Page 1 of 1

DataStage 7.5: UTF8

Posted: Mon Apr 14, 2008 10:57 am
by Sum18us
If I've few jobs that need to handle multiple language (rest just English) , then do you suggest setting NLS =UTF8 for project level or at job level. Also, is UTF8 preferred for English?

Posted: Mon Apr 14, 2008 4:08 pm
by ray.wurlod
Welcome aboard.

The "preferred" character map is the one that is used to encode your data. So, if your data are encoded using UTF-8, then use that.
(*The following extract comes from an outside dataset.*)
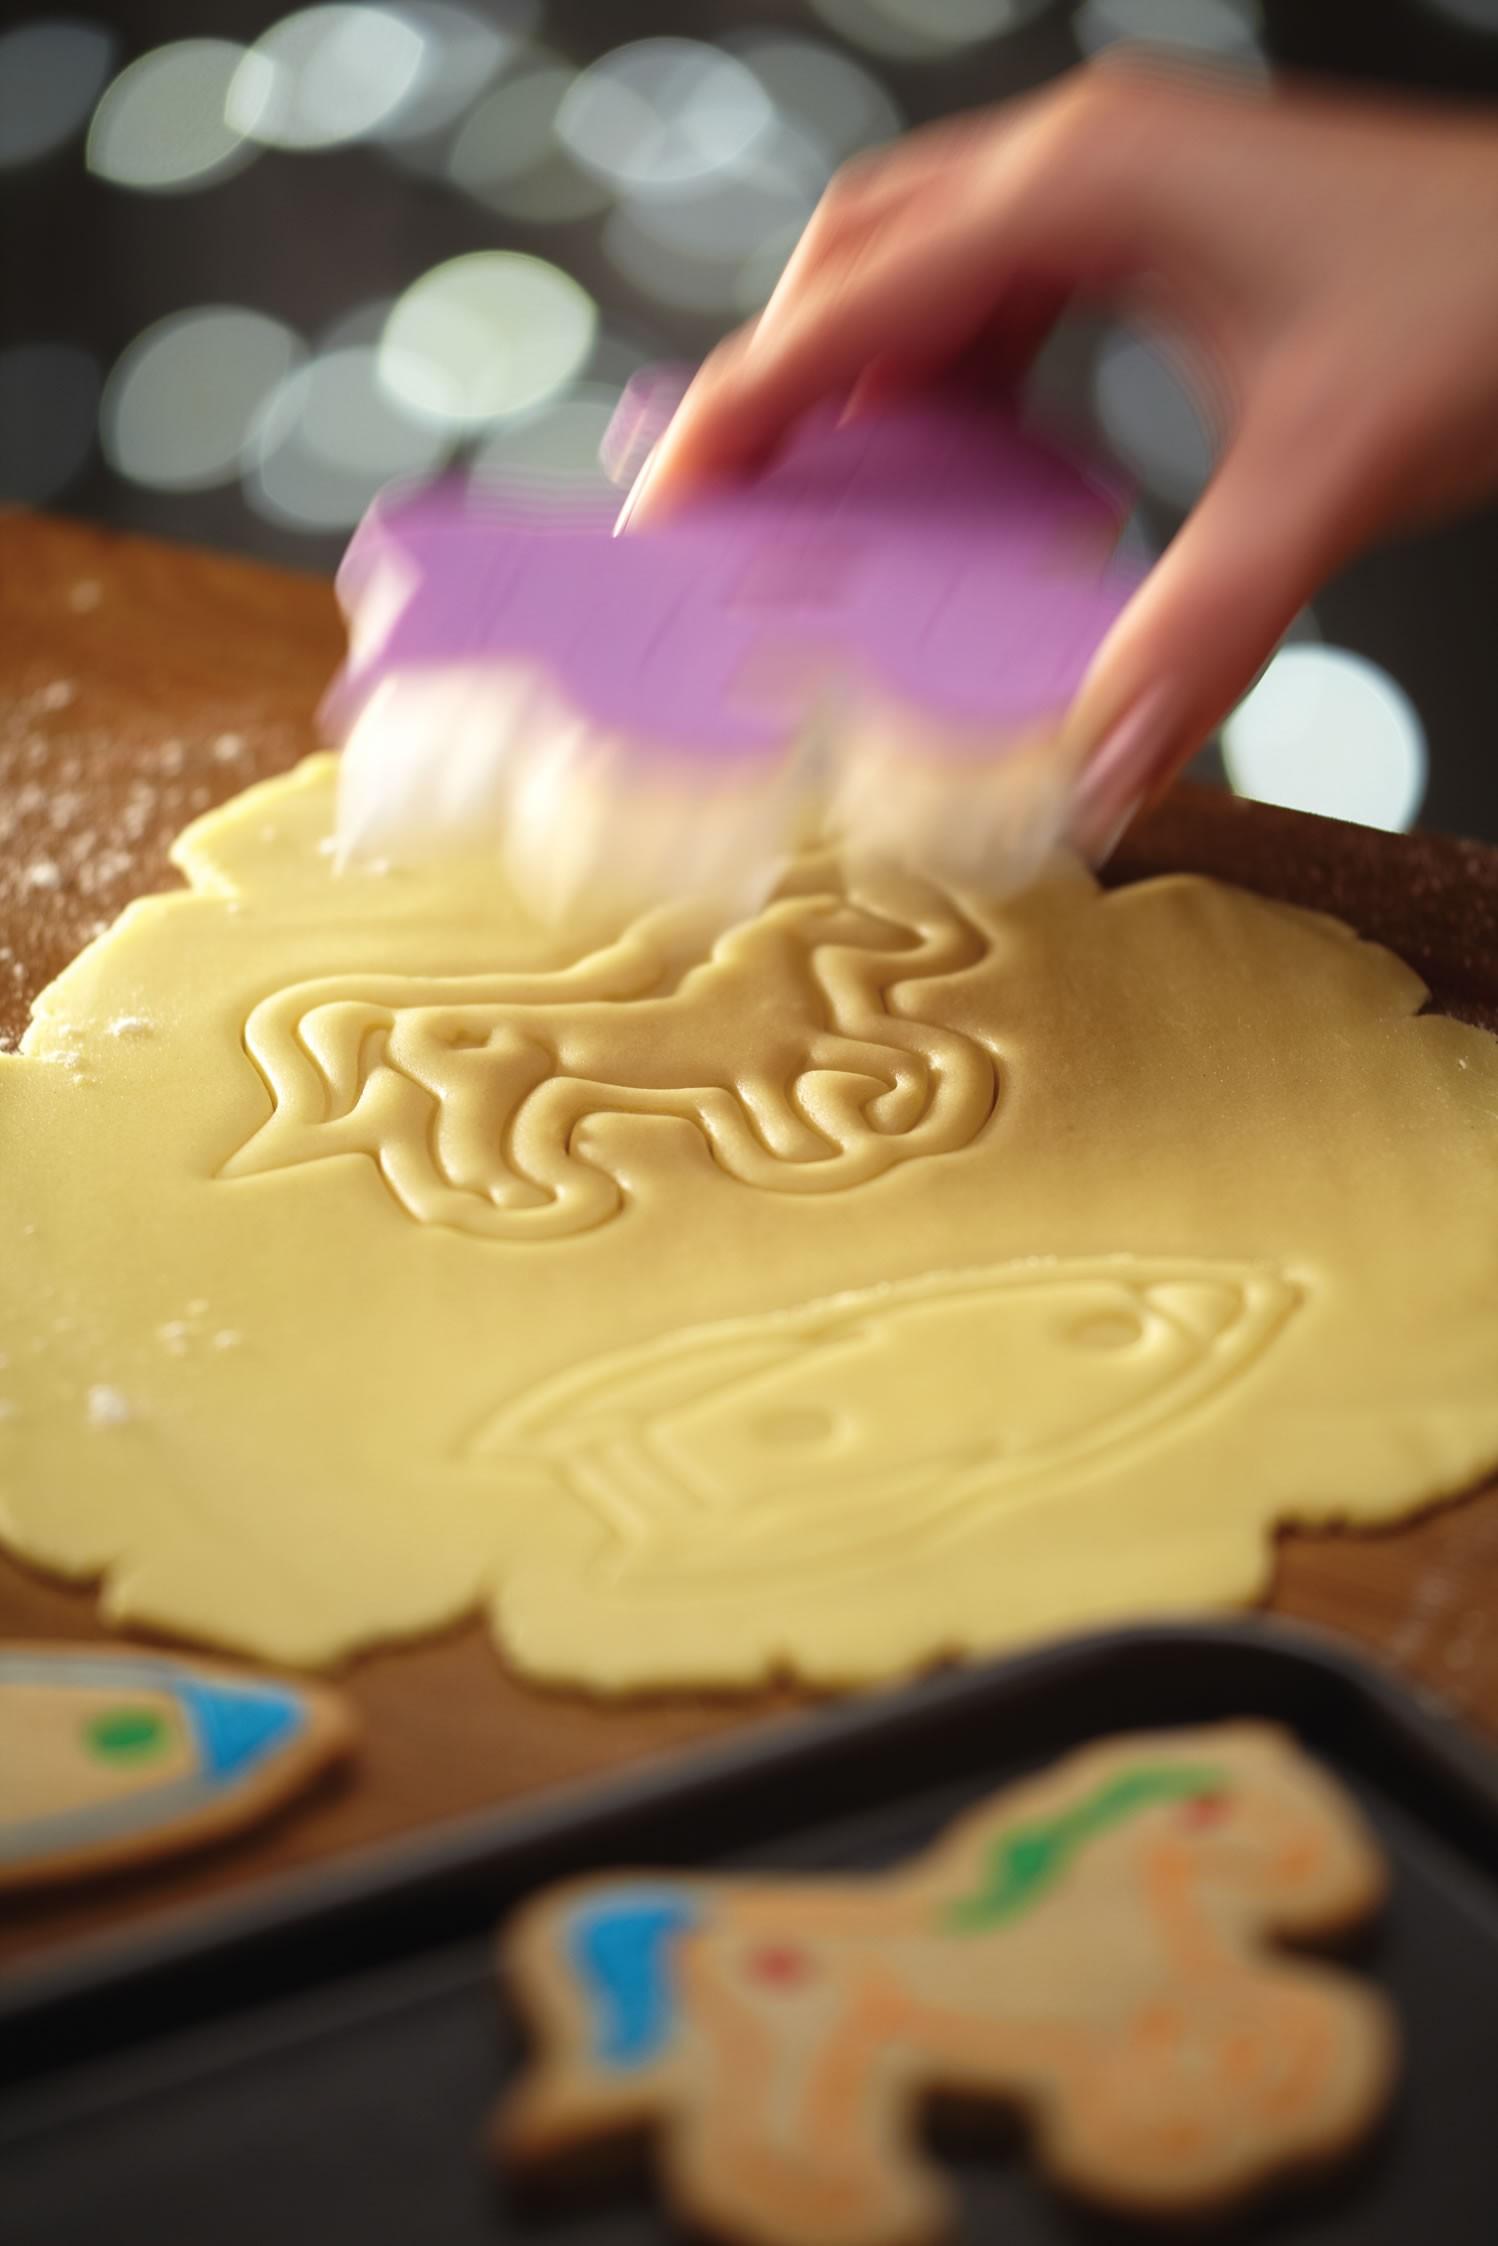 κουπ-πατ αλογάκι 3d kitchencraft home   ζαχαροπλαστικη   κουπ   πατ

If your Chinese data are encoded using BIG-5 or GB2312, then use that map.

Most character maps include what you describe as "English" characters.
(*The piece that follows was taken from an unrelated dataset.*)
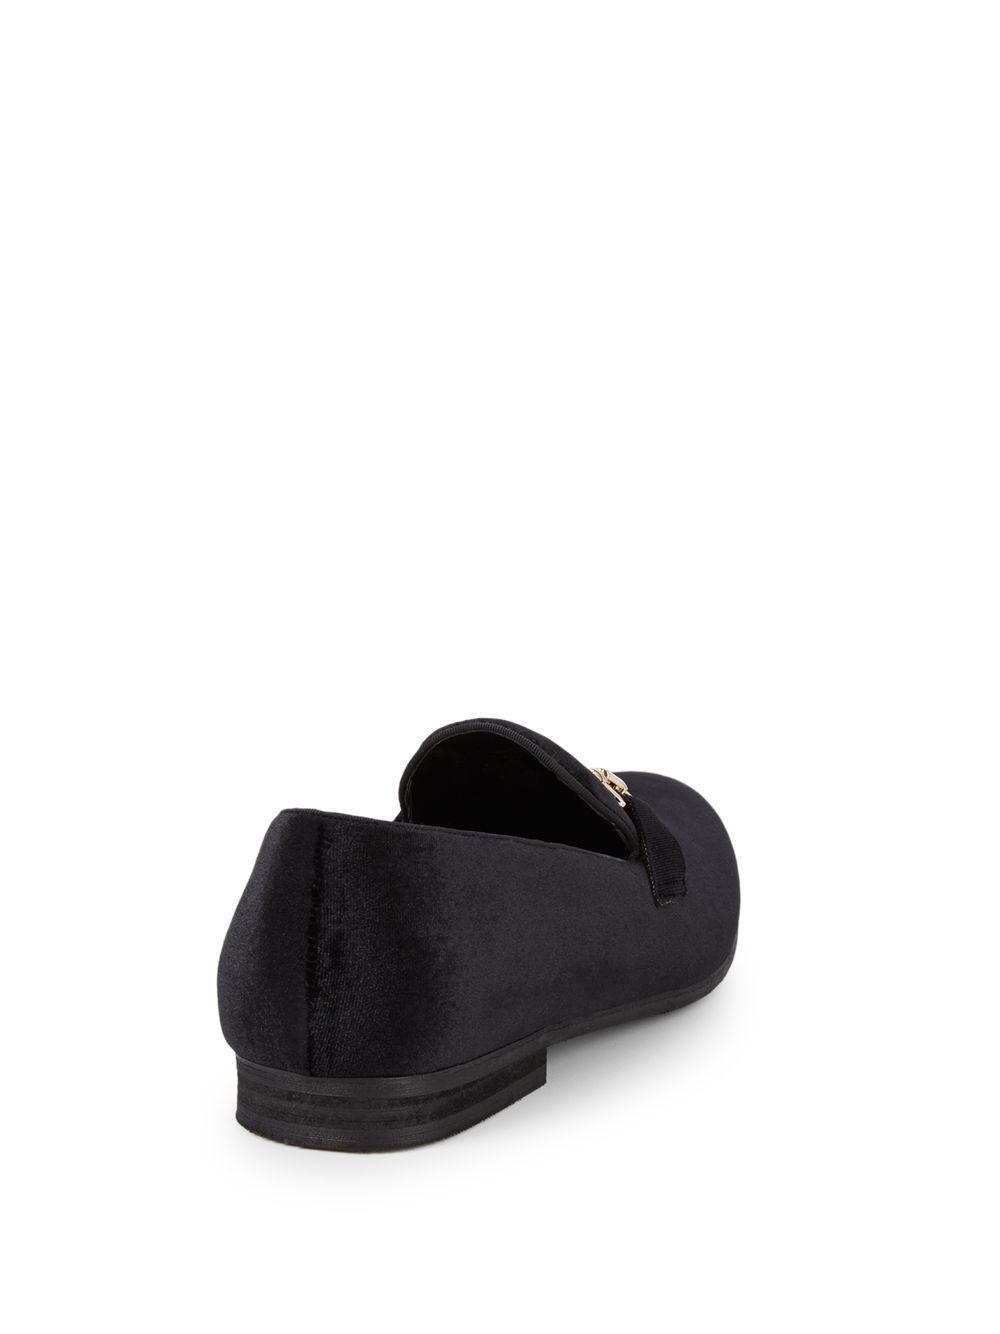 570d3e4d0a65 Lyst - Steve Madden Dodson Velvet Smoking Slippers in Black for Men - Save  3%

Posted: Tue Apr 15, 2008 9:52 am
by Sum18us
ray.wurlod wrote:Welcome aboard.

The "preferred" character map is the one that is used to encode your data. So, if your data are encoded using UTF-8, then use that. If your Chinese data are encoded using BIG-5 or ...
Thanks for the response.

We're extracting information from Oracle (NLS_CHARACTERSET=AL32UTF8). Do we see any issue with using UTF8 at project level for all languages (including English) in DataStage. Thoughts?
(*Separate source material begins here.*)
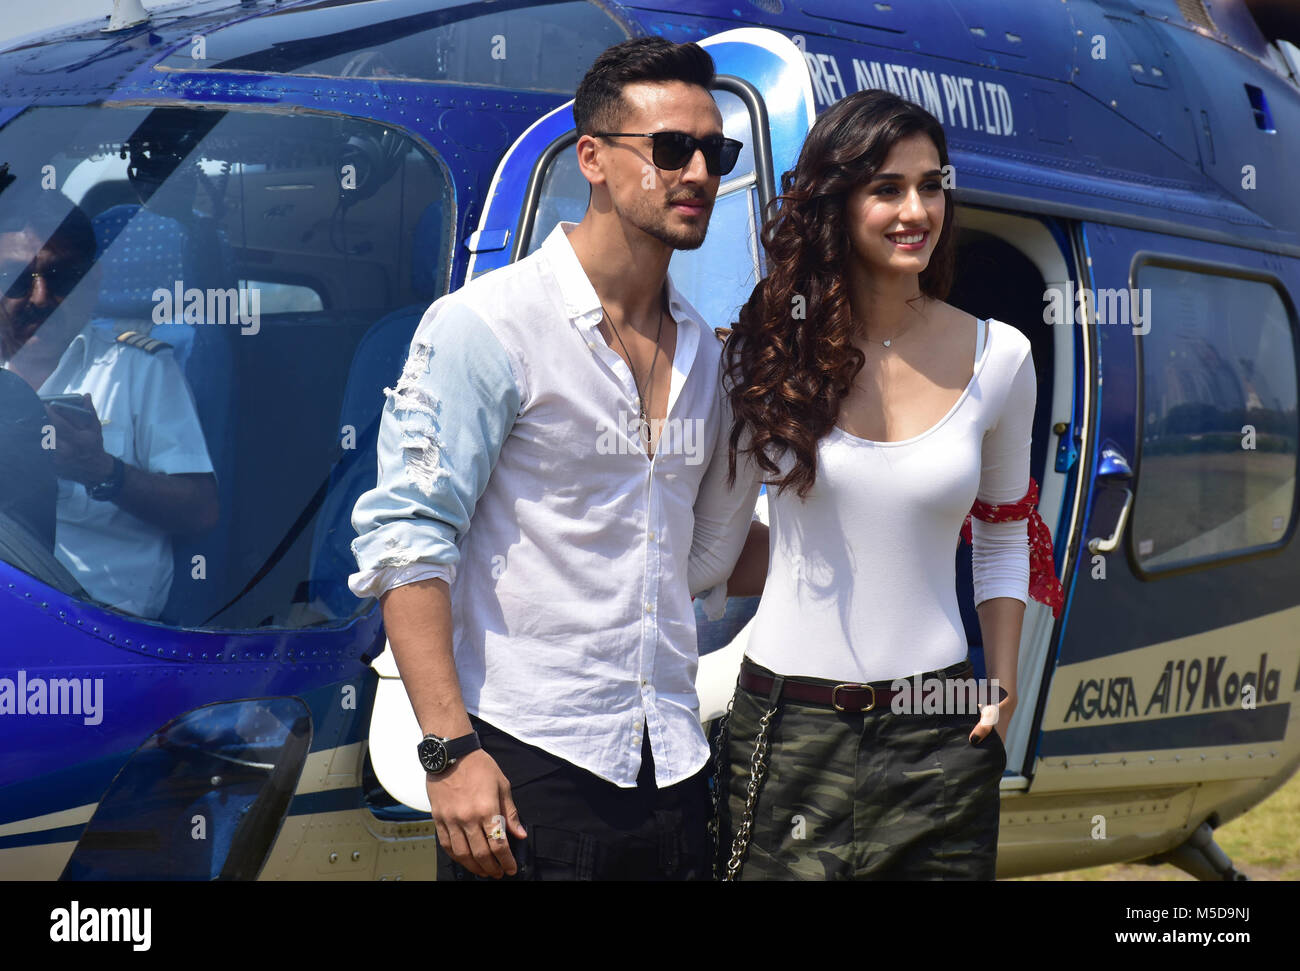 Bollywood Hindi Movies 2018 Actor Name: Mumbai, India. 21st Feb, 2018. Indian Film Actor Tiger

Posted: Tue Apr 15, 2008 3:16 pm
by ray.wurlod
Of course I don't see any. I can't see your data. Try UTF-8; chances are that that's the best fit for the Oracle map. Is this what's specified in the oracle_cs.txt file?

Posted: Wed Apr 16, 2008 11:03 am
by Sum18us
ray.wurlod wrote:Of course I don't see any. I can't see your data. Try UTF-8; chances are that that's the best fit for the Oracle map. Is this what's specified in the oracle_cs.txt file? ...
Thanks for your prompt response!

The problem that i see is, the source is Oracle in AL32UTF8 (Unicode 4.0)--> DataStage in UTF8 (Unicode 3.0)--> Target Oracle in AL32UTF (Unicode 4.0)... So certain characters which can be inserted in Oracle need not pass through DataStage ... Is my understanding correct? Also, oracle_cs.txt file is used for parallel jobs I guess & it has all the character sets that DS supports. Also, DS 7.5 doesn't support AL32UTF8. Please correct/suggest.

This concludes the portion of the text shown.